Well people out there, I'm sure you are wondered what has become of this less an intriped explorer. When we left off, I had arrived in London after much delay and much cursing of the evil white stuff. Oddly having never lived there and only been there once before arriving in London feels to me like arriving home. I don't know if it is that I have wanted to live there since I was 5 or that I watched too many British TV shows growing up or that I just have a listened to "London Calling" by the Clash one too many times, but London feels home-y.
St Paul's |
There was a nice familar feeling as I boarded the tube at Kings Cross and an even more familar feeling when I got off at High St Kensington to stroll down to Holland Park Youth Hostel. Holland House which has been converted into a hostel is a fascinating place but the hostel itself is in the newer side so is less interesting. The hostel is often unseasonably warm inside so you can stroll round in a long sleeved t-shirt instead of the myriad layers needed outside. The room which aren't the largest have 12 beds in the form of four triple bunks in them and if, like me on both my stays there, you find you find yourself in the top bunk be prepared for fun as there are no ladders and you'll have to jump/ awkwardly climb in and out of bed.

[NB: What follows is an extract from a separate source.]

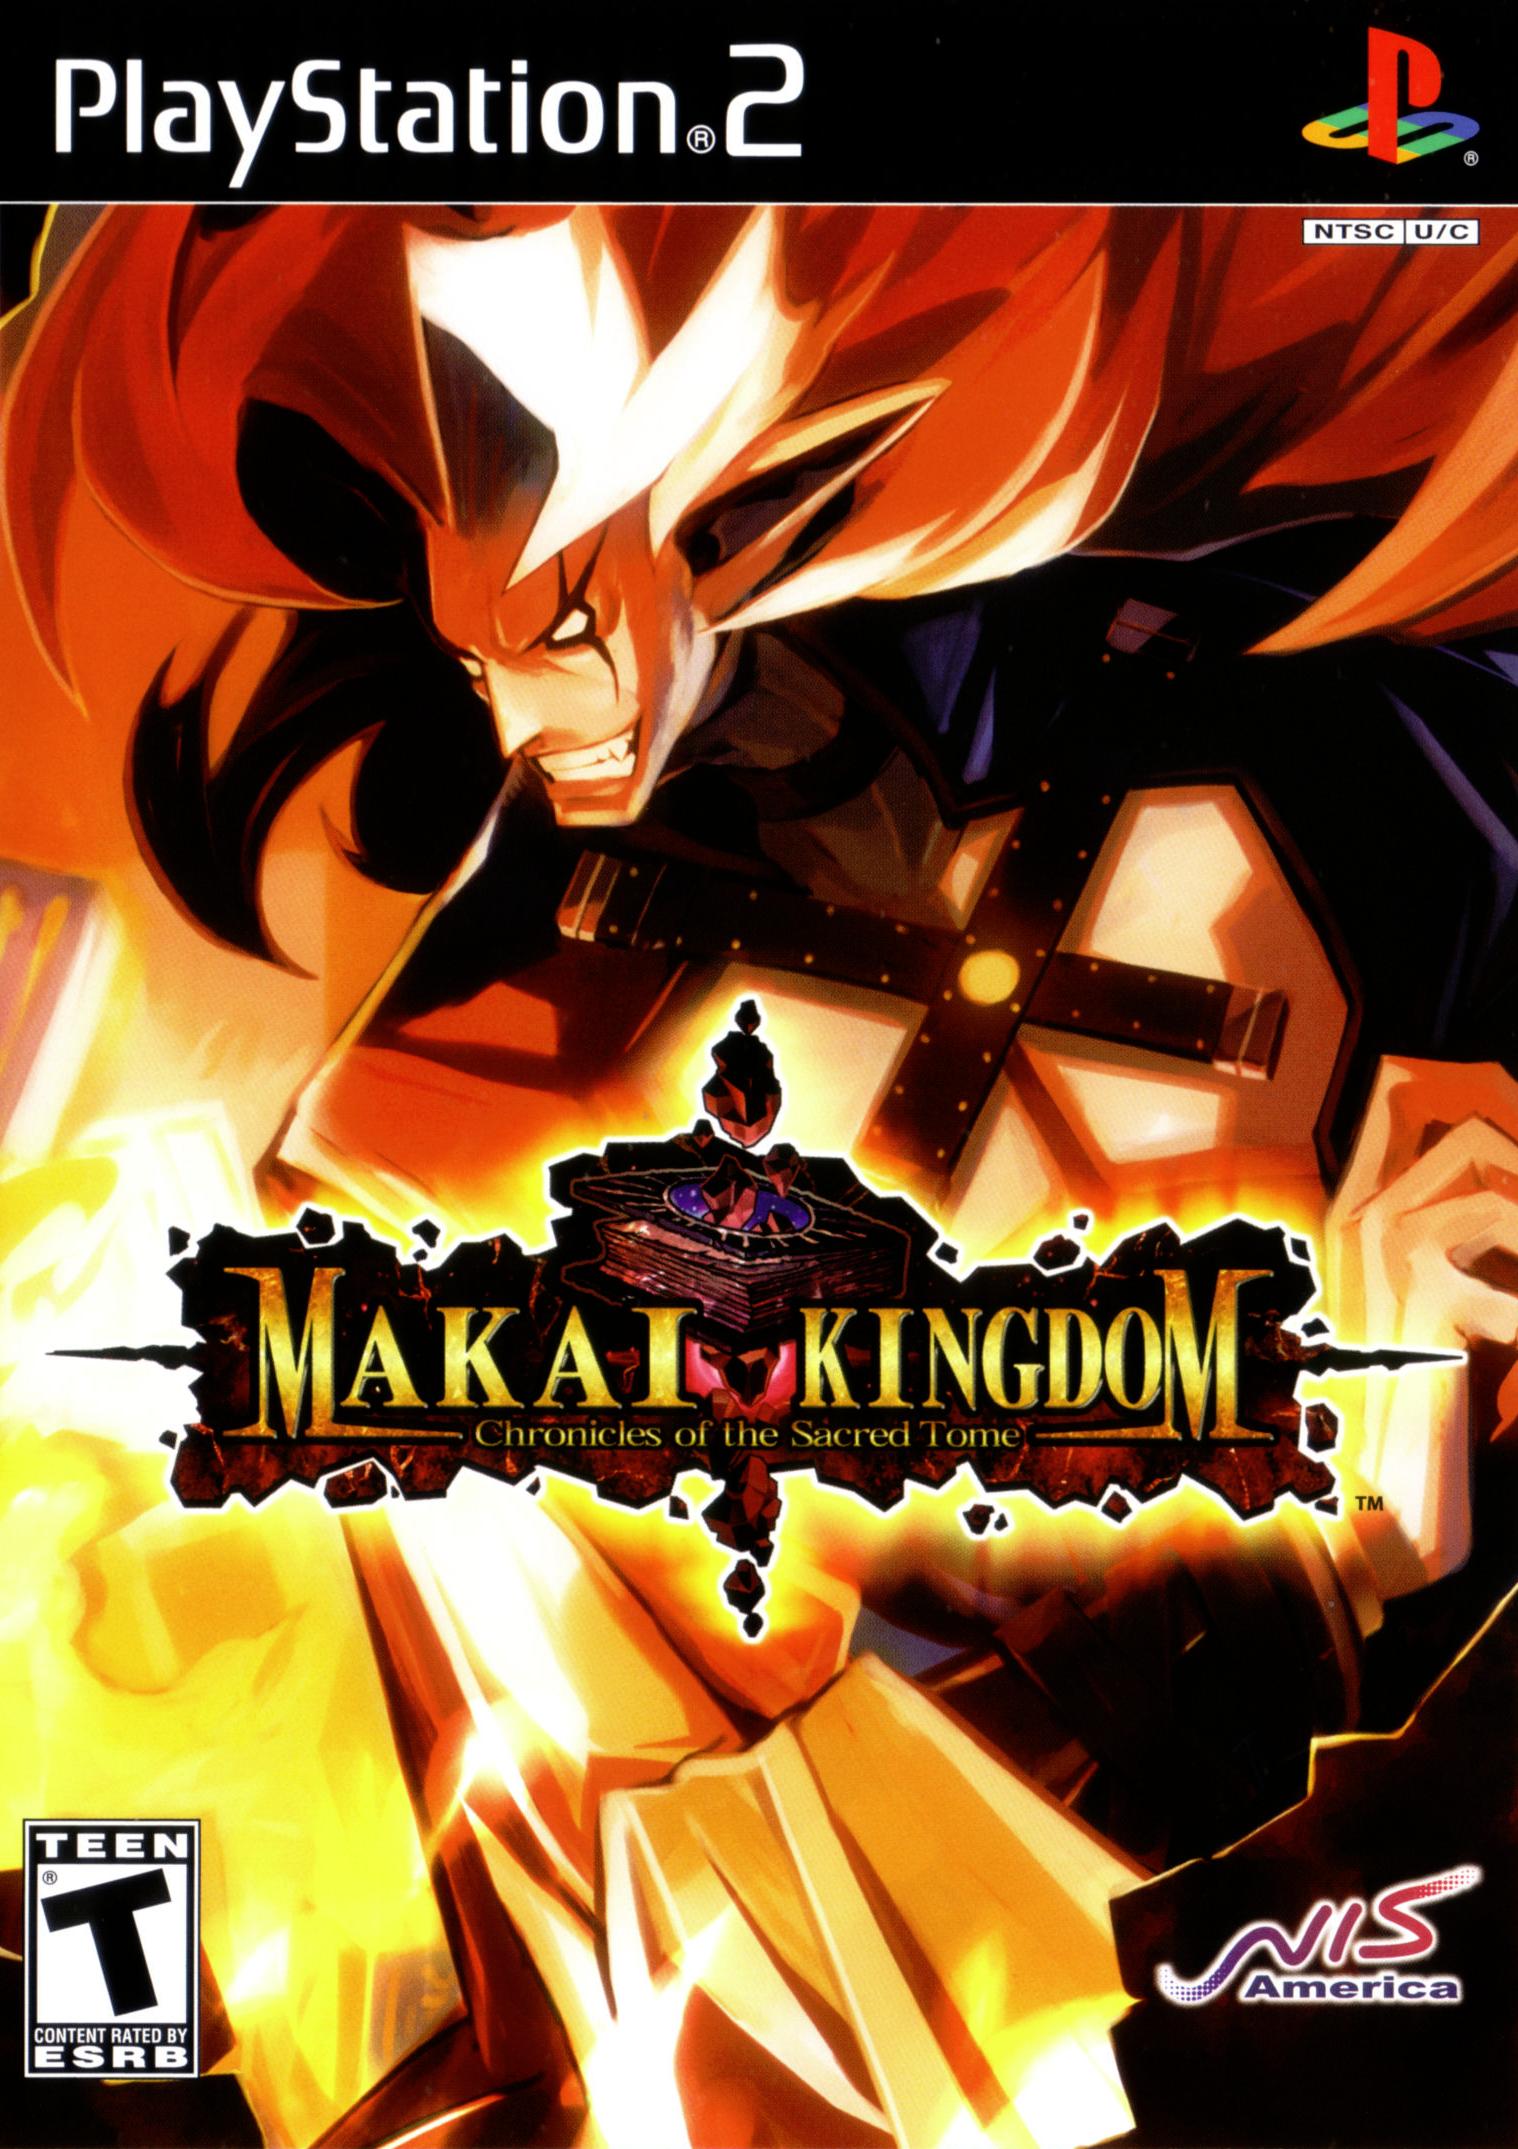 Makai Kingdom

The breakfasts, like all UK hostel breakfasts, are amazingly huge which leads me to why lunch for wimps. If you stay at a UK youth hostel, you can chow down on a massive breakfast of cheese, yoghurt, "fruit" (read apple there wasn't much else in it) salad, eggs, hash brown, fried bread, fried tomato, toast, rolls, jam, butter, cereal, juice, coffee (actually best avoid the coffee, it's horrid), and tea- for those of a carnivorous bend, there is also cold ham, sausage, bacon, and on occasion black pudding. Once you eat this, you can safely go through the rest of your days largely without food and then have a medium to small dinner early in evening. Trust me, I walked a couple of miles around the city and even with the exercise did not feel the need for more food than this. Yes most of it's fried and that is somewhat gross but more importantly you just saved yourself about five or so pounds on lunch and even with the exchange getting better it still ain't brilliant and five pound saved is a good thing.
The bad sides of the hostel this time were the annoying old lady in my dorm (a blog devoted to her and other odd dorm mates to come at the end of my trip), the less annoying but a little loud Eastern European girls also in my dorm, the snow on the paths outside which all melted and refroze as ice for slip and slide fun, and the broken dryer (I had to transport wet clothes to Dublin and rewash and dry them- not good).
Other news from London, unlike other tourists, I can now navigate myself from High St Kensington down to the Tate Modern past numerous tourist attractions without the use of a MAP! Map are for losers clearly and they single you out as a tourist- I got mistaken by another tourist for a Londoner and asked where Charring Cross Tube Station was (good thing I fessed up though as I realised had I faked knowing where it was I would have sent him in completely the wrong direction). I claimed the next day when in the presence of someone who lives in London that I found every grave we went hunting for in Highgate and that I could find my way around the tube without difficulty but he claimed it was just because I was with him and he was a boy and a London dweller (all lies I say to that).
Highgate Cemetary- the east part |
So aside from the above pearls of wisdom about lunch and maps, what can I share from my time in London? My previous visit to the city told me that every tourist MUST visit the V&A Museum, the Churchill Museum & Cabinet War Rooms, and the Tower of London. I now add to my recommendations list St Paul's cathedral (regardless of your religious beliefs, it is a profoundly brilliant work of art and architecture- I hate paying to visit churches but I'll admit the cost of admission was worth it especially as I saw in the crypt the burial plaques for two pre-Raphelite painters- William Holman Hunt and John Millias- and one Romantic poet- William Blake) and British Library (currently it has a great exhibit on the history of the English language but unless you're planning a trip soon you'll miss that HOWEVER it also has some beautiful illuminated manuscripts, Jane Austen's writing table, Lewis Carroll's hand written notes of Alice in Wonderland, hand written Beatles's lyrics, some brilliant old maps, a 3rd century papyrus copy of John's Gospel and.....a copy of the Magna Carta). I'll cautiously add Highgate to this list but I only saw the East cemetary (thanks to the cursed white stuff closing the west for tours) and the west is the more spectacular. I also highly recommend a stroll through Kensington Gardens and Hyde Park.
If you are there at Christmas time, also drop by Hyde Park Christmas markets for a visit with the Christmas skeleton and some "Hot Ribenia..with a shot?"
The Christmas skeleton at Hyde Park Christmas Markets |
Clare, maps are obviously not for losers, otherwise the British Library wouldn't have cool ones on display!! What are you saying!?
ReplyDeleteI think you need to rephrase that sentence as "street maps are for tourists".
London sounds AMAZING!!
Sorry Spally. You're right...street maps are for losers. Massive old school maps/ world maps are cool.